Flanked by statues of angels, Wendy Hillis, executive director of Preservation Durham, announced the group’s 2014 Places in Peril last night at the Julian Carr gravesite in Maplewood Cemetery.

Cemeteries rarely rank near the top of budget priorities, and the state of the city-owned Maplewood and Beechwood cemeteries reflect years of underfunding: Broken gravestones, rutted roads. Stroll through Maplewood, bordered by Morehead Avenue, Duke University Road and Kent Street in Southwest-Central Durham, and you’ll find the gravesides of some of the most prominent Durhamites: the Parrishes, the Carrs, the Dukes, as well as everyday working-class families.

Beechwood, at East Cornwallis Road and Fayetteville Street, also is the eternal resting place of well-known African-Americans, including James Whitted, the principal of the first public school for black children. John Merrick and C.C. Spaulding of N.C. Mutual Life Insurance and James Shepard, who founded what would become N.C. Central University are also buried there.

Cedar Glasgow, the city’s director of cemetery operations, has asked City Council to budget $6 million to fix up the cemeteries; some of the repairs are 50 years behind schedule.

Here is the rest of the 2014 list:

1. Central Park Historic District: Developers have swooped in to either buy or redevelop several key buildings, with a plan to build condos and apartments, including Liberty Warehouse (see Places in Peril, 2012) and part of the Motorco site.

2. Historic streetscapes: Durham could lose at least 13,000 street trees over the next 20 years, according to a 2013 report by the Environmental Affairs Board. This does not include trees lost to development.

3. Durham Police Department headquarters on West Chapel Hill Street: DPD is planning to move its HQ, possibly to East Main Street, near the Government Services District and historic Golden Belt mill. An example of modernist architecture, the building was designed by Milton Small.

4. The South Gregson Street corridor makes a repeat performance on the list. The Medical Arts Building and the Eloise (designed by architect George Watts Carr), are both owned by Bill Fields.

Boarded up, the Medical Arts Building has been disintegrating for years. Considering the development happening in that area—the new 605 apartment complex for example—Fields could be holding out for the highest bidder.

This is the fifth year Preservation Durham has issued its list of Places in Peril, along with ideas on how to save the properties.

There have been some success stories: Listed in 2011, several historic houses on Jackson Street were saved when they were moved to vacant lots on North Roxboro Street.
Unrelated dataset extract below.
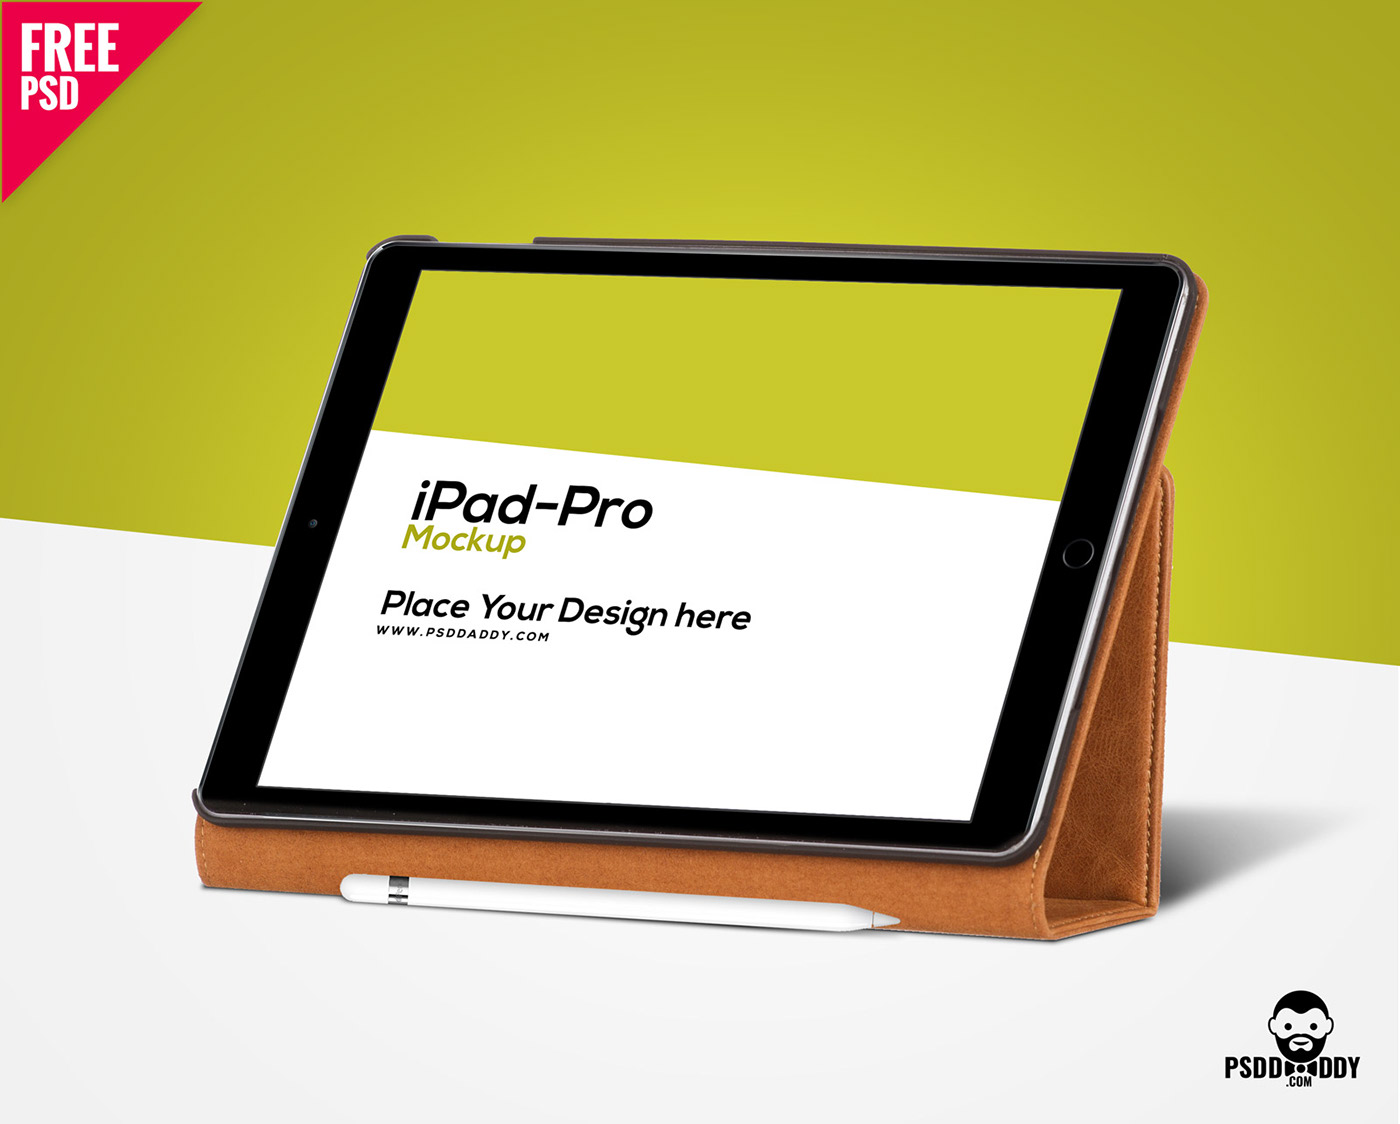 free psd Mockup freebie download ipad pro tablet Ipad Mockup apple free download
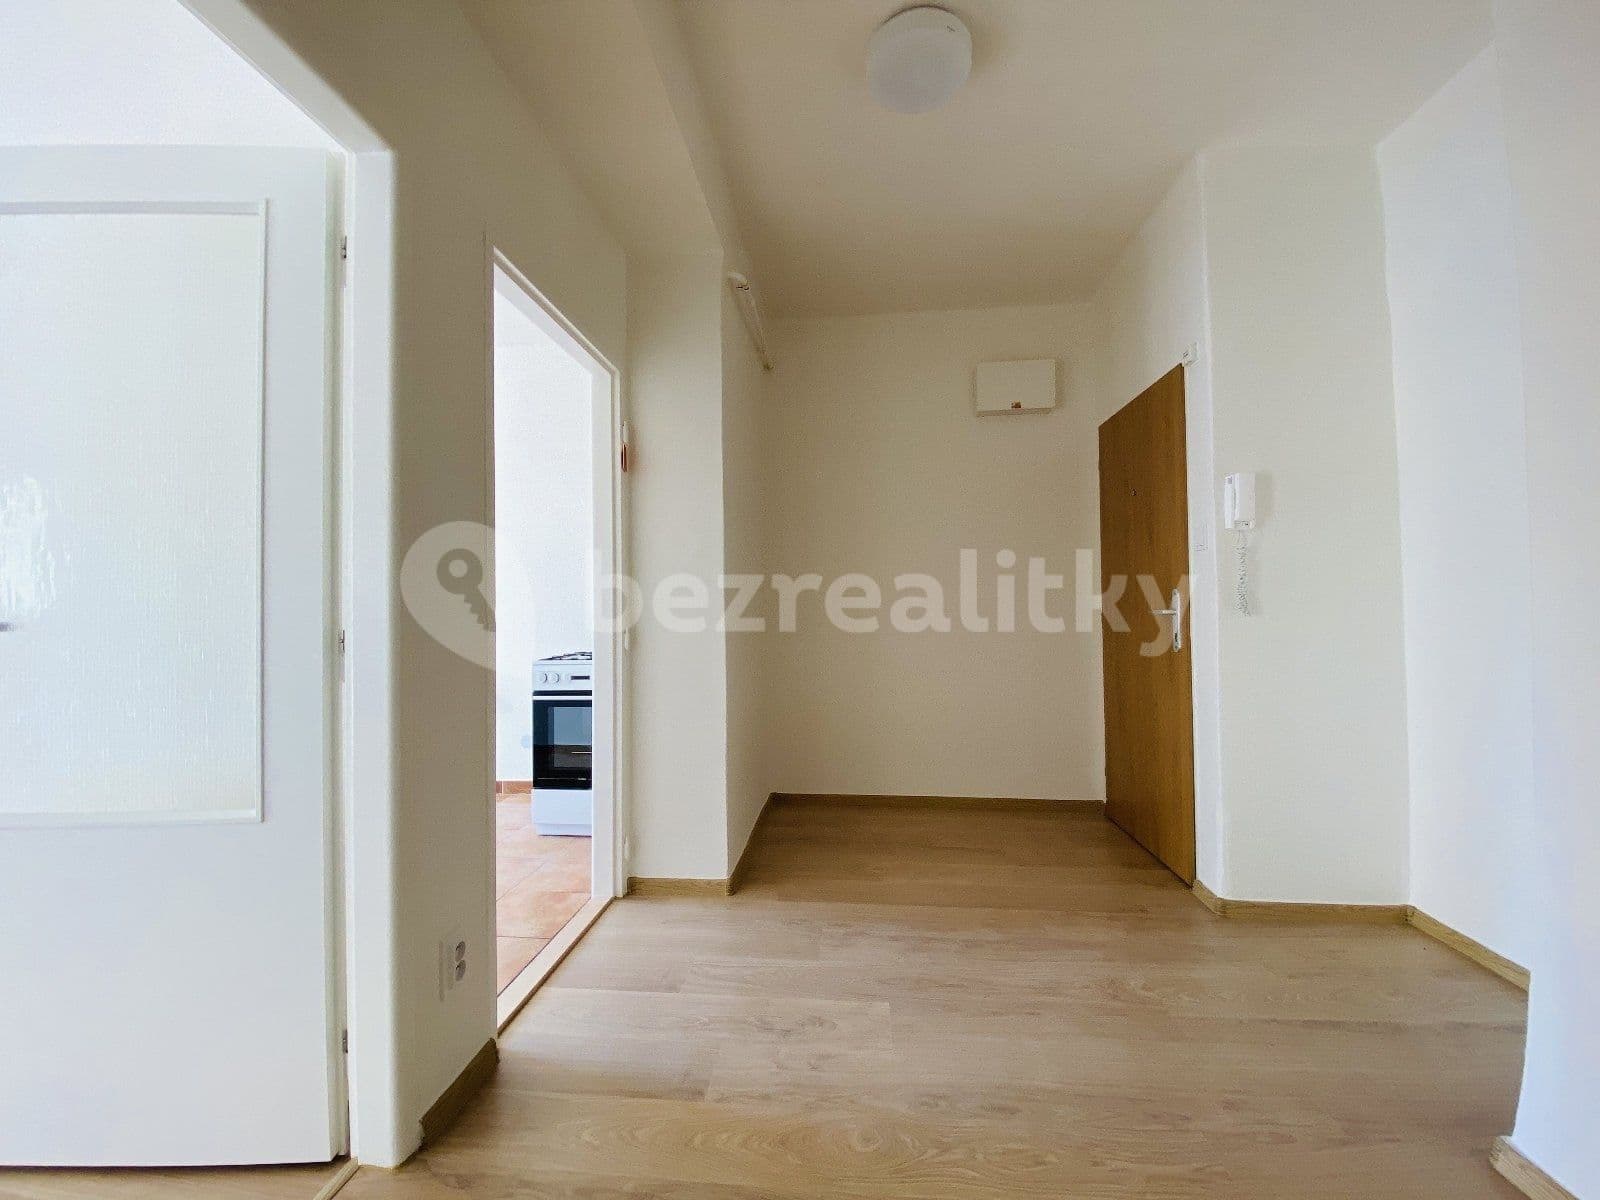 2 bedroom flat to rent, 57 m², Opavská, Ostrava, Moravskoslezský Region

Downtown The Mutual Community Savings Bank and the Jack Tar Motel, examples of mid-century modern architecture, are not being torn down, and instead being converted into boutique hotels.

However, the places are listed as imperiled for a reason, and many of them have been demolished, or soon will be.

Liberty Warehouse, listed in 2012, will be torn down and replaced with condos.

The old Holiday Inn on South Gregson Street has been torn down to make way for 605, upscale apartments catering to Duke University students and young professionals.

McPherson Hospital, has largely been demolished, although the developer is saving the facade It will open as a Residence Inn next summer; an recalcitrant property owner allowed the city to tear down an 1870s building at Little Five Points (Mangum, Corporation and Cleveland streets); that lot is now condos.